After World War II, a new research direction emerged, which is, explicitly or implicitly, at the very heart of most of modern vision research. At the core of these models is a hierarchical, feedforward processing step, which proceeds from the analysis of basic features to more and more complex ones (Riesenhuber and Poggio, 1999; Serre et al. 2007). Neurons at the retina detect changes in luminance but cannot, for example, discriminate the orientation of a line. Receptive fields are small and concentric. These neurons project to the primary visual cortex (V1) such that V1 neurons become edge and line detectors (Figure 1; Hubel and Wiesel 1962, 1968). It is thought that this basic encoding principle continues throughout the visual system and can be viewed as a Lego toy building block hierarchy: basic building blocks of perception, such as lines and edges, are the basis for the analysis of complex shapes such as objects and faces. For example, a hypothetical square-detecting neuron is “created” by projections from neurons coding for the square´s constituent horizontal and vertical lines (Figure 1).
However, this approach cannot explain even the purportedly first steps of visual processing as we have shown with many examples.
Figure 1: (A) It is easy to recognize the word “object” even though is it made up of different flowers, which are complex objects themselves. (B) Neurons in V1 are sensitive to simple features, such as edges and lines. In higher visual areas, neurons are sensitive to more and more complex features, such as shapes (V4) and objects (IT). Receptive field sizes increase from lower to higher visual areas. Hierarchical, feedforward models of object recognition formalize these neurophysiological findings (e.g., Riesenhuber and Poggio, 1999). Stimulus processing starts with the analysis of very simple features and proceeds to more and more complex visual representations. A hypothetical “square” neuron receives input from neurons tuned to angles, which in turn receive inputs from line detectors. Along the hierarchy, processing at each level is fully determined by processing at the previous level. (C). Crowding. When fixating the central cross, it is easy to recognize the letter V on the left but difficult on the right because of the flanking letters. Crowding is usually thought to occur only for flankers presented within a window of half the eccentricity of target presentation (Bouma’s law; Bouma, 1970). When flankers are placed outside Bouma’s window, letter recognition is not compromised. From Herzog & Manassi, 2015.
References
- Bouma H (1970). Interaction effects in parafoveal letter recognition. Nature 226 (1970): 177-178.
- Felleman DJ, Van Essen DC (1991). Distributed hierarchical processing in the primate cerebral cortex. Cerebral cortex 1.1 (1991): 1-47.
- Herzog MH, Manassi M (2015). Uncorking the bottleneck of crowding: a fresh look at object recognition. Current Opinion in Behavioral Sciences, 1, 86-93.
- Hubel DH, Wiesel TN (1962). Receptive fields, binocular interaction and functional architecture in the cat’s visual cortex. The Journal of physiology 160.1: 106.
- Hubel DH, Wiesel TN (1968). Receptive fields and functional architecture of monkey striate cortex. The Journal of physiology 195.1: 215-243.

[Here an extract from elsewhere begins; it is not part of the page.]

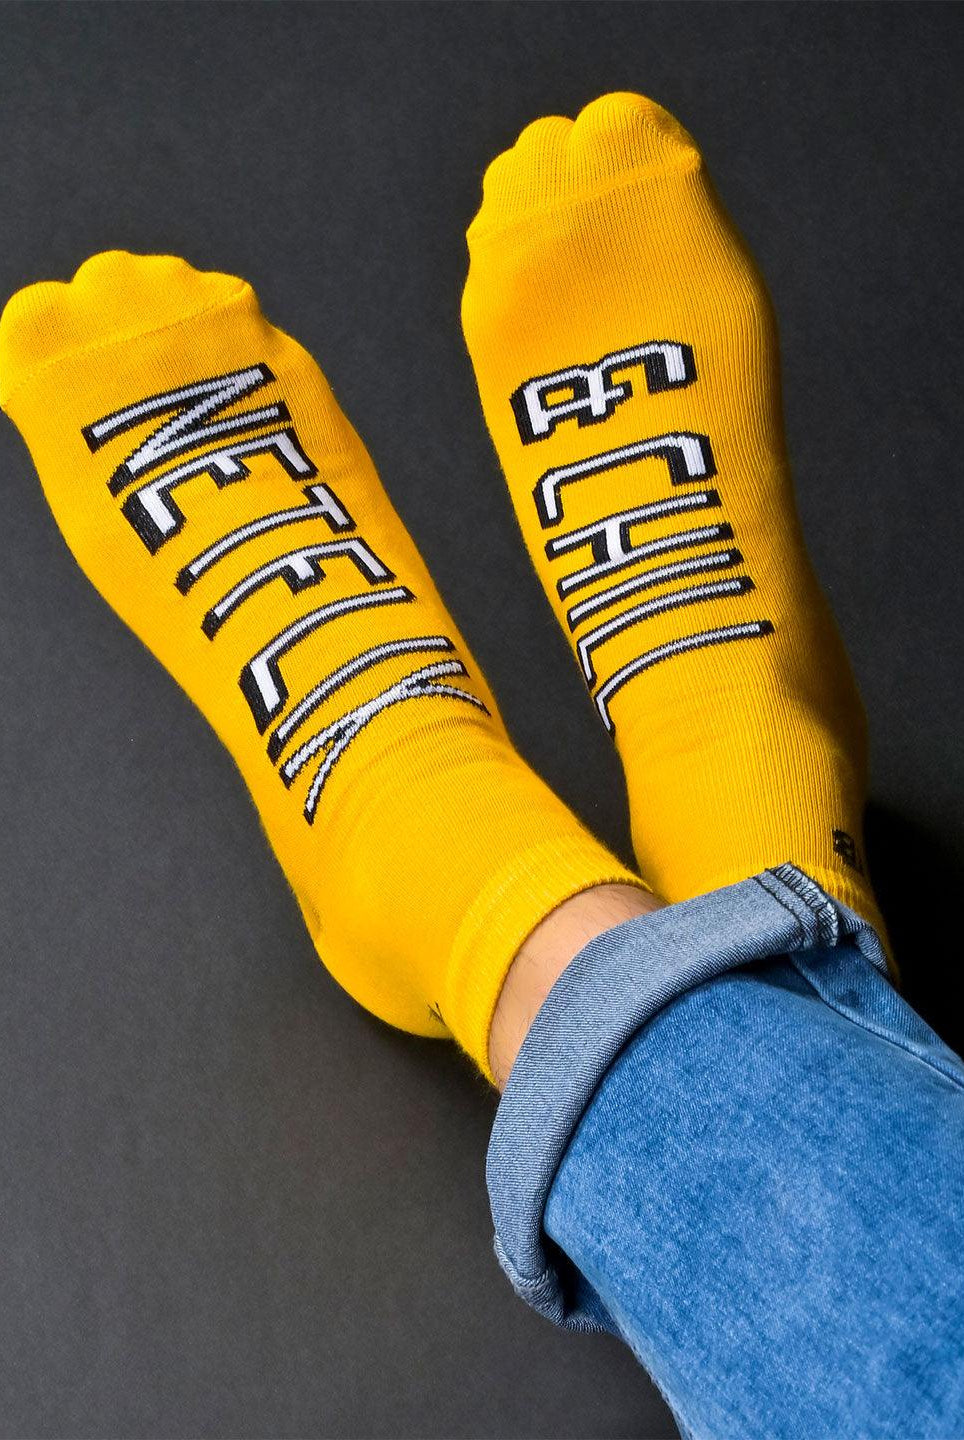 Yellow socks

- Korte W (1923). Über die Gestaltauffassung im indirekten Sehen (On the apprehension of Gestalt in indirect vision). Zeitschrift für Psychologie, 93, 17-82.
- Levi DM (2008). Crowding – An essential bottleneck for object recognition: A mini-review. Vision research, 48(5), 635-654.
- Riesenhuber M, Poggio T (1999). Hierarchical models of object recognition in cortex. Nat Neurosci 2(10526343): 1019-1025.
- Serre T, Aude O, Poggio T (2007). A feedforward architecture accounts for rapid categorization. Proceedings of the National Academy of Sciences 104.15 (2007): 6424-6429.
- Whitney D, Levi DM (2011). Visual crowding: a fundamental limit on conscious perception and object recognition. Trends in cognitive sciences, 15(4), 160-168.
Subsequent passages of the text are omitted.